Fisheries Board to go to the E.U. if action not taken on fish farms

THE fallout from the recent Prime Time programme on the fish farming industry continued this week with the announcement from the Central and Regional Fisheries Boards that if action was not taken on the poor quality of salmon farm management, they were prepared to go to the European Union and request that the EU declare sea trout in the affected areas an endangered species. Meetings were held by a number of bodies last week in response to the Prime Time programme which highlighted the problem of sea lice in fish farms and the impact it was having on wild fish stocks, as well as incidences of illegal dumping of dead fish.

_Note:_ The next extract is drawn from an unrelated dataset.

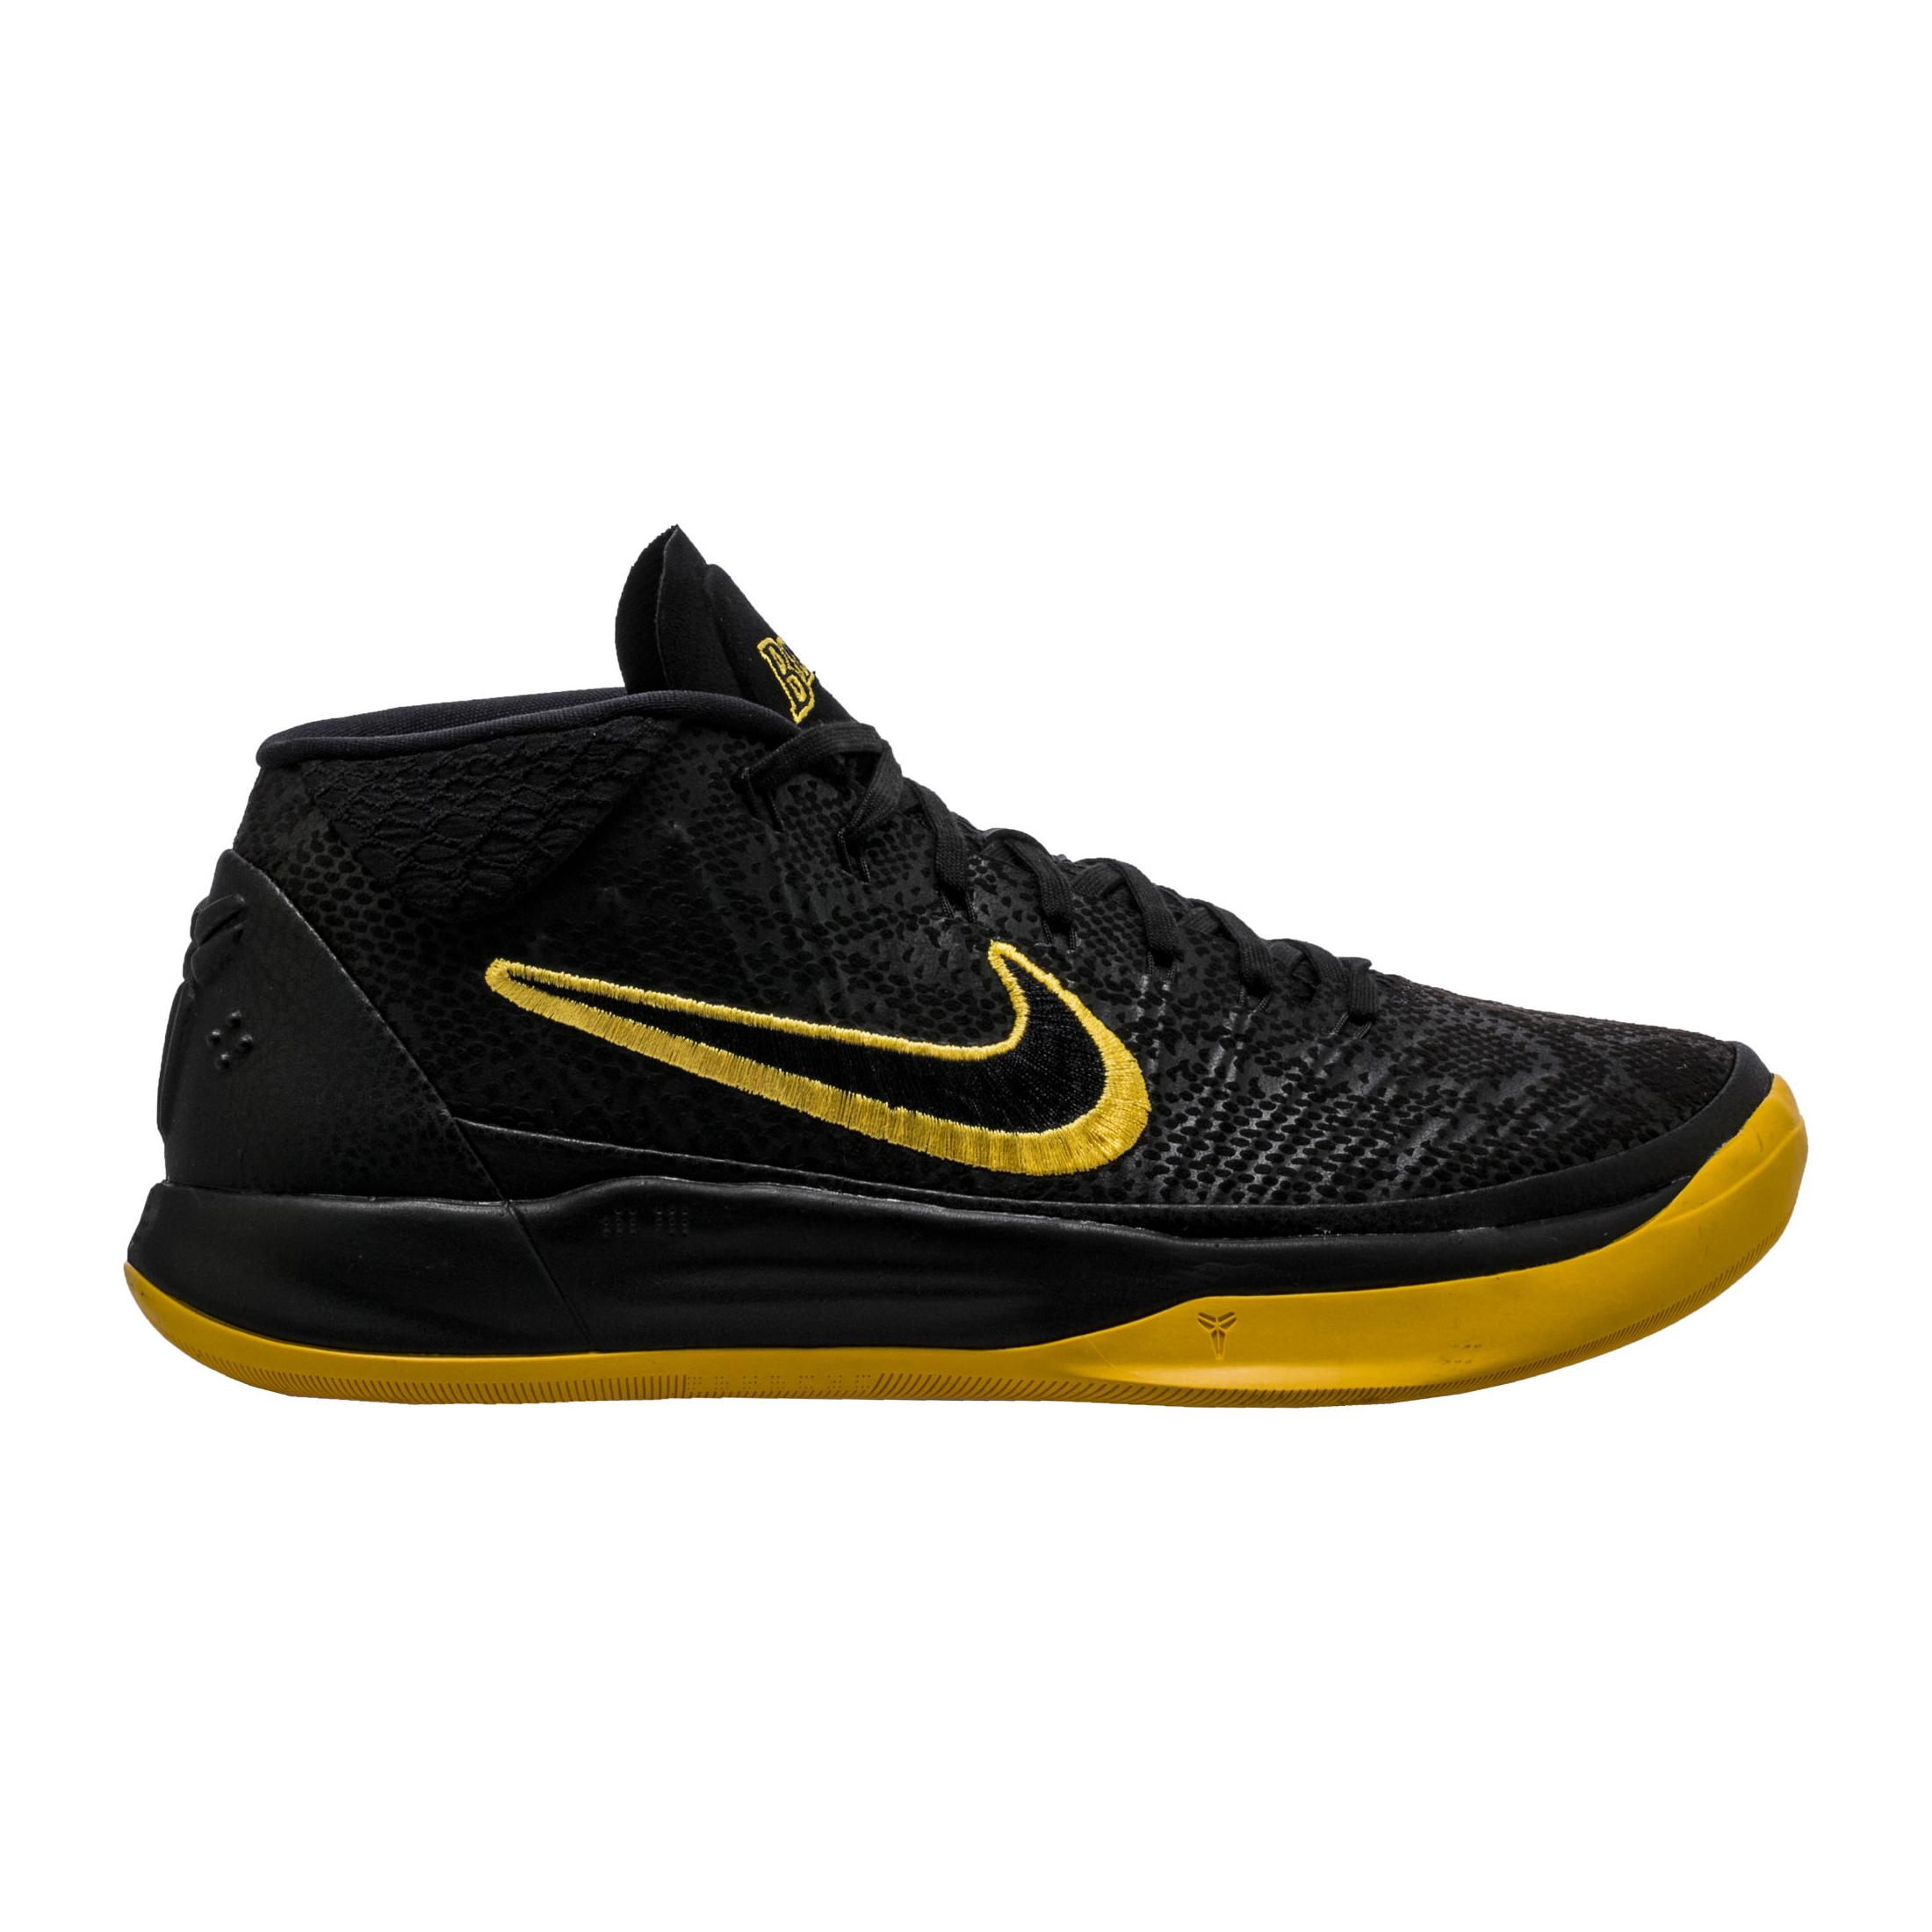 Nike Kobe AD Black Mamba City Edition 4

At a meeting of the Central and Regional Fisheries Boards last week, it was decided that the Boards would "strongly advise" the Minister for the Marine, Mr. Dermot Ahern, to take immediate positive action to ensure that "poor husbandry practices" in the fish farming industry were stopped. Indeed, criticism has been levelled at the dual role held by the Department of the Marine in promoting the aquaculture industry and simultaneously acting as an environmental watchdog. The Green Party has questioned this clear conflict of interest.

The Prime Time programme dealt with the deaths of thousands of fish in salmon cages in Donegal Bay this summer not too far from Killybegs. Dredging in the harbour was blamed. I didn’t see the Prime Time programme but I understand that it blew the claims of dredging damage out of the water. Apparently dead fish from previous years had been released directly from the nets where they died and allowed to drop to the bottom of the bay instead of being disposed of properly. So the rotting piles of dead fish beneath the nets at Inver were revealed to be the real cause of the deaths of caged salmon? The fisheries boards and tourists interests of course have suffered over the past 20 years due to the explosion of sea lice populations around salmon cages. The wild sea trout fell foul of these parasites on their way back into the rivers to spawn. Most of the famous sea trout rivers in the West are now defunct as fisheries. The huge mortalities now being experienced in the fish cages by fish farmers themselves are a bridge too far for the fisheries authorities especially when the fish farmers start looking around for someone else to blame for their misfortune. The fish farmers were very quick to blame anyone and everyone else for the disastrous decline of sea trout when it was as obvious as the nose on your face that they’re lack of control of sea lice around the sea cages were to blame for this ecological disaster.